**** Given material

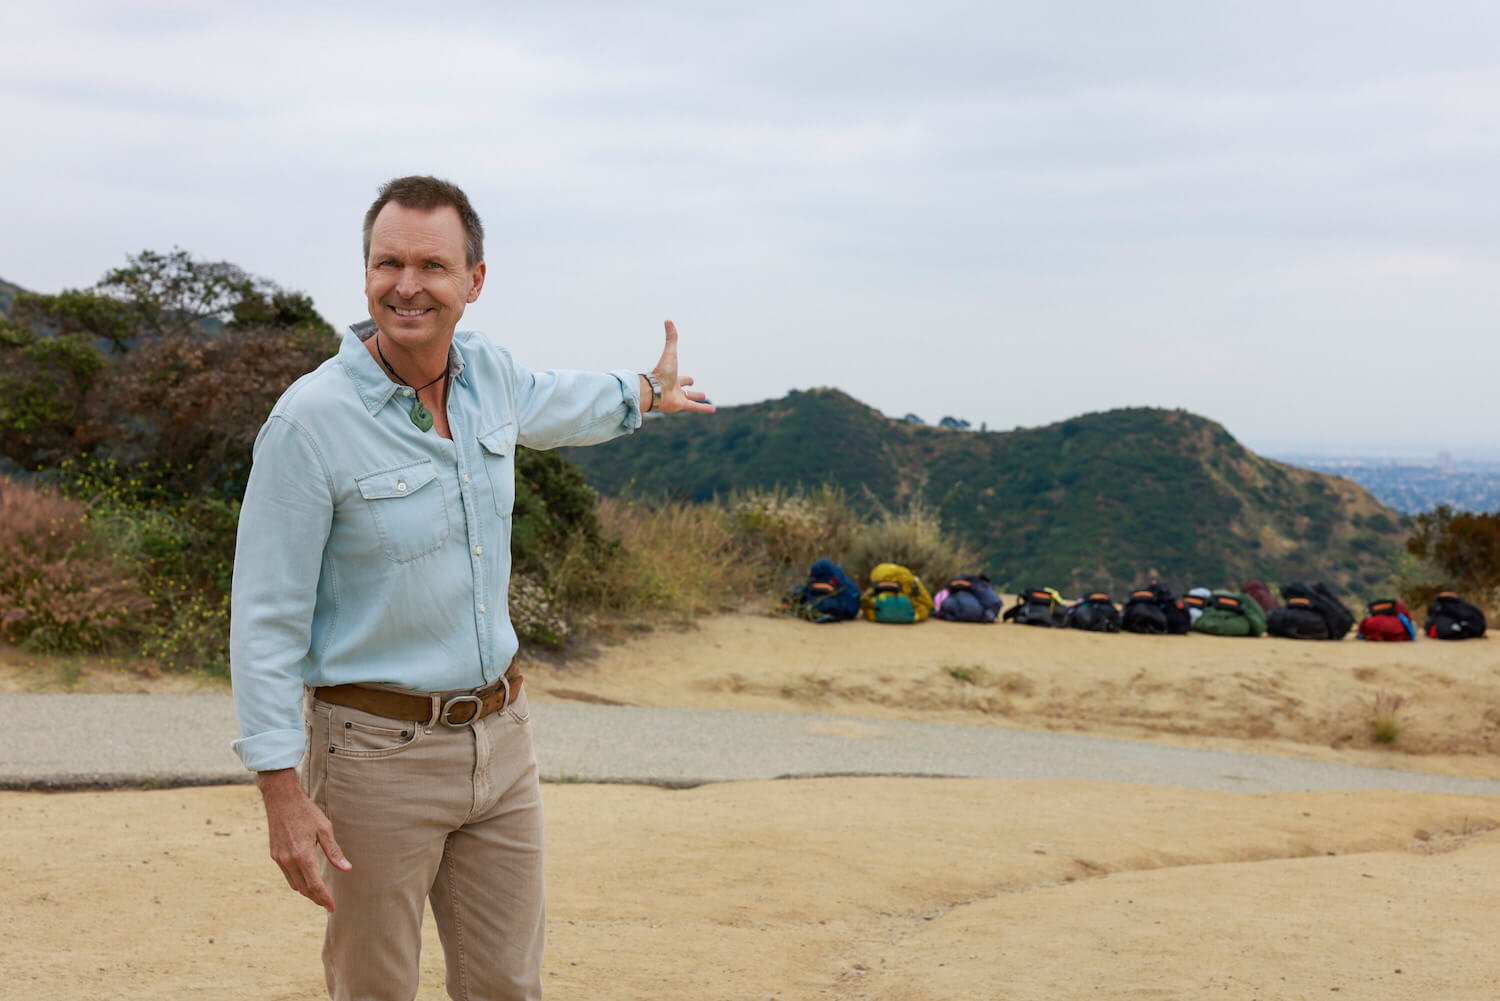 Phil Keoghan with his arm outstretched and smiling in 'The Amazing Race' Season 35
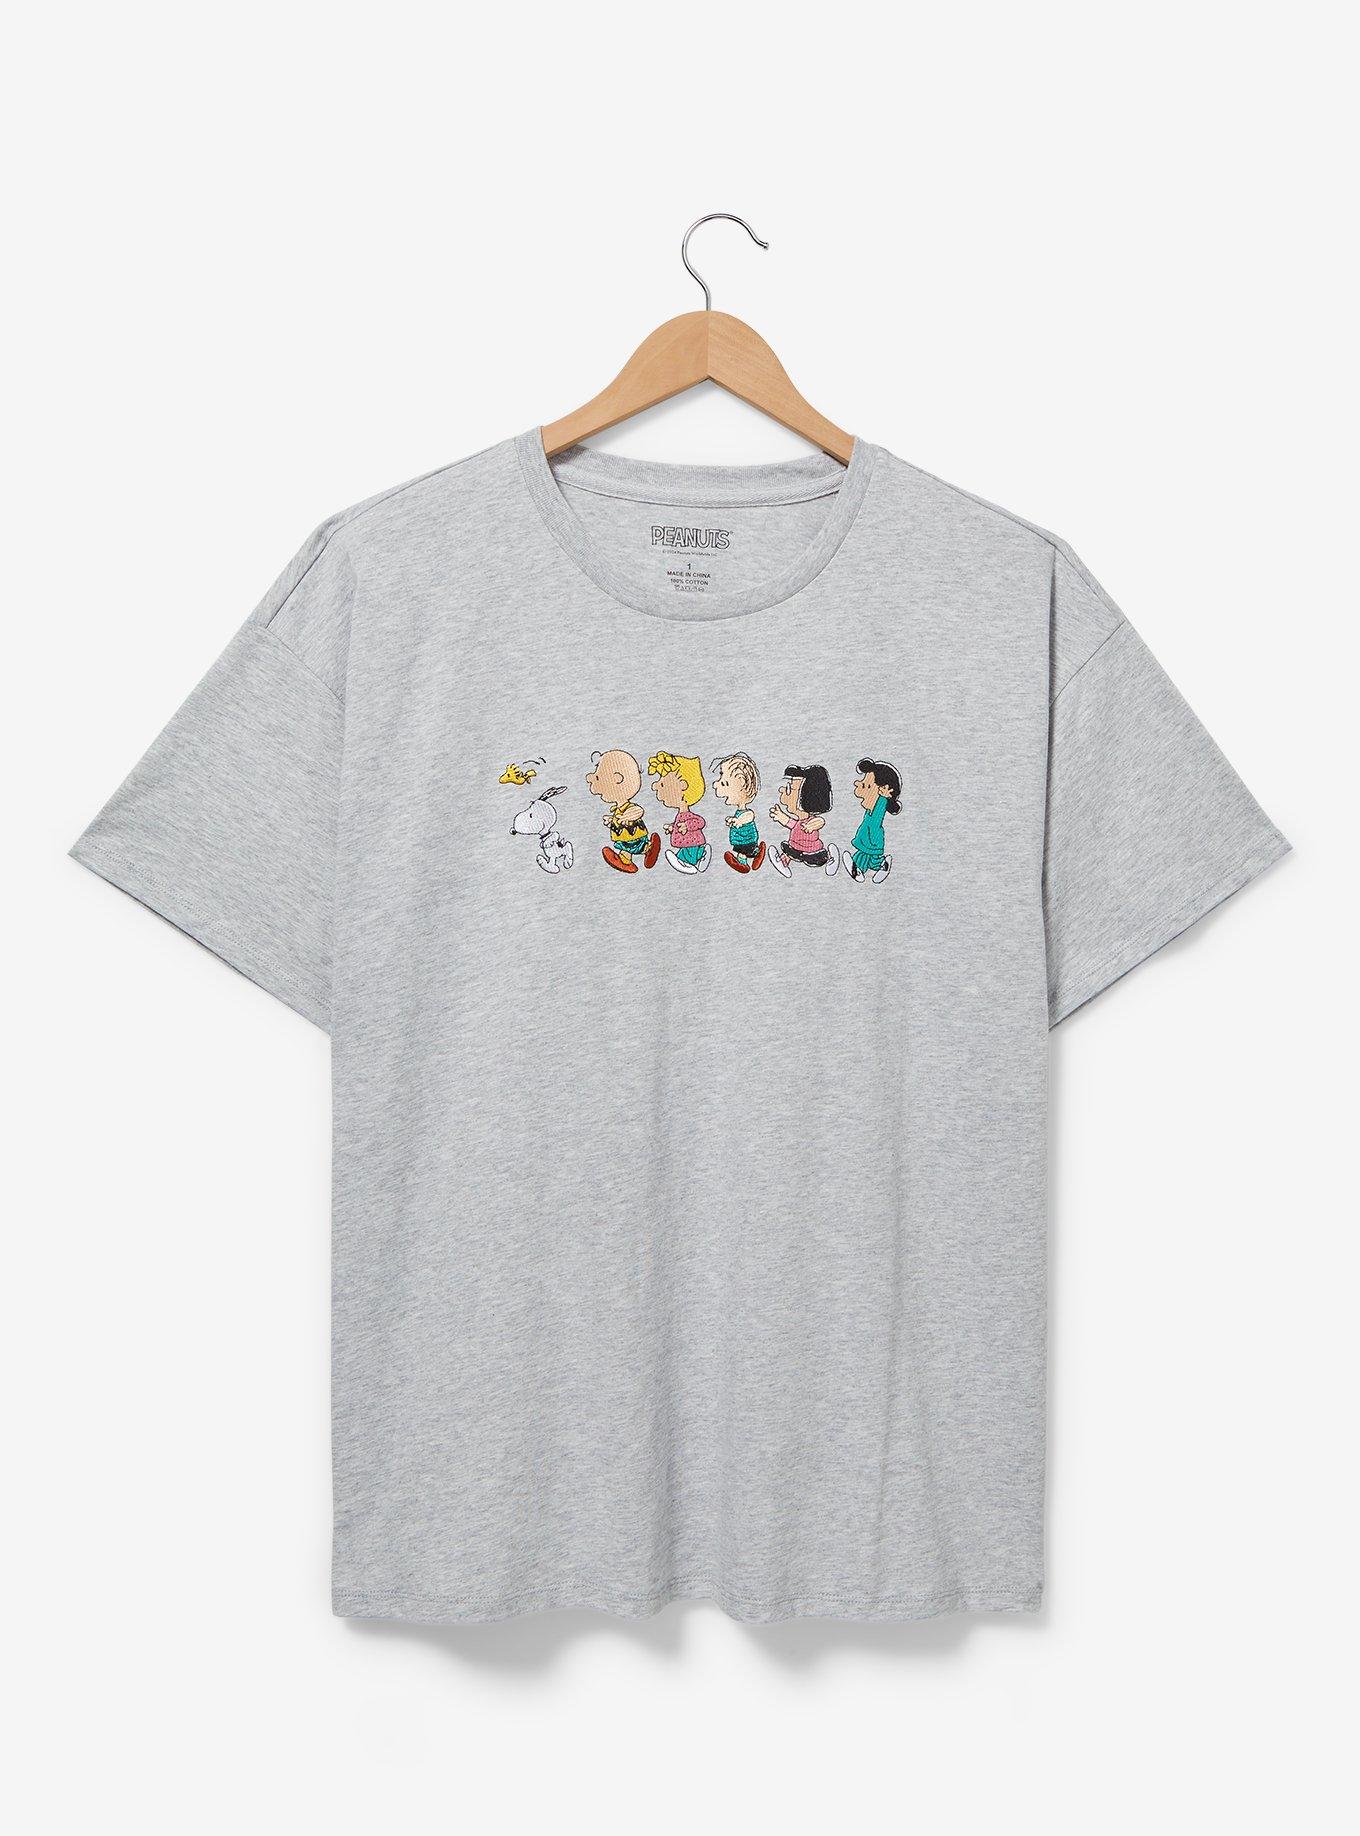 Peanuts Characters Running Women's Plus Size T-Shirt - BoxLunch Exclusive, , hi-res
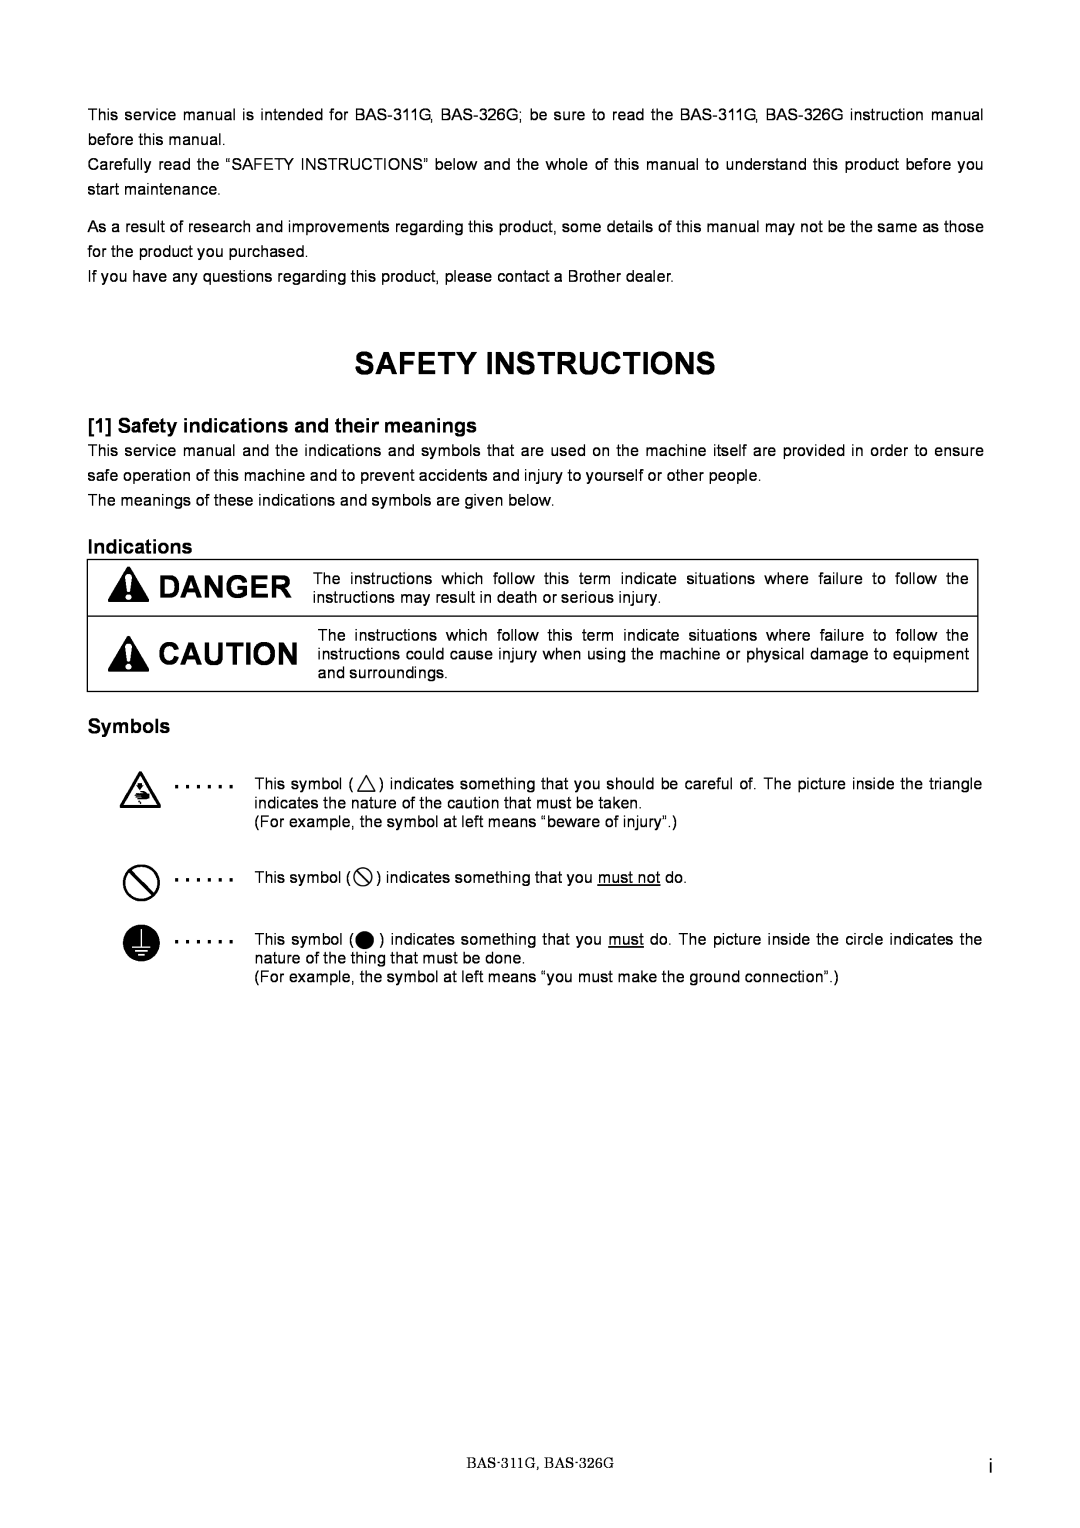 Brother BAS-311G Safety Instructions, Safety indications and their meanings, Indications, Symbols, ･･････ ･･････ ･･････

********

Retype precisely, and only, the lines from the one holding "Peanuts Characters Running" through the final line of the data above, with the pictures omitted.

Output for this task —
 Peanuts Characters Running Women's Plus Size T-Shirt - BoxLunch Exclusive, , hi-res
 Brother BAS-311G Safety Instructions, Safety indications and their meanings, Indications, Symbols, ･･････ ･･････ ･･････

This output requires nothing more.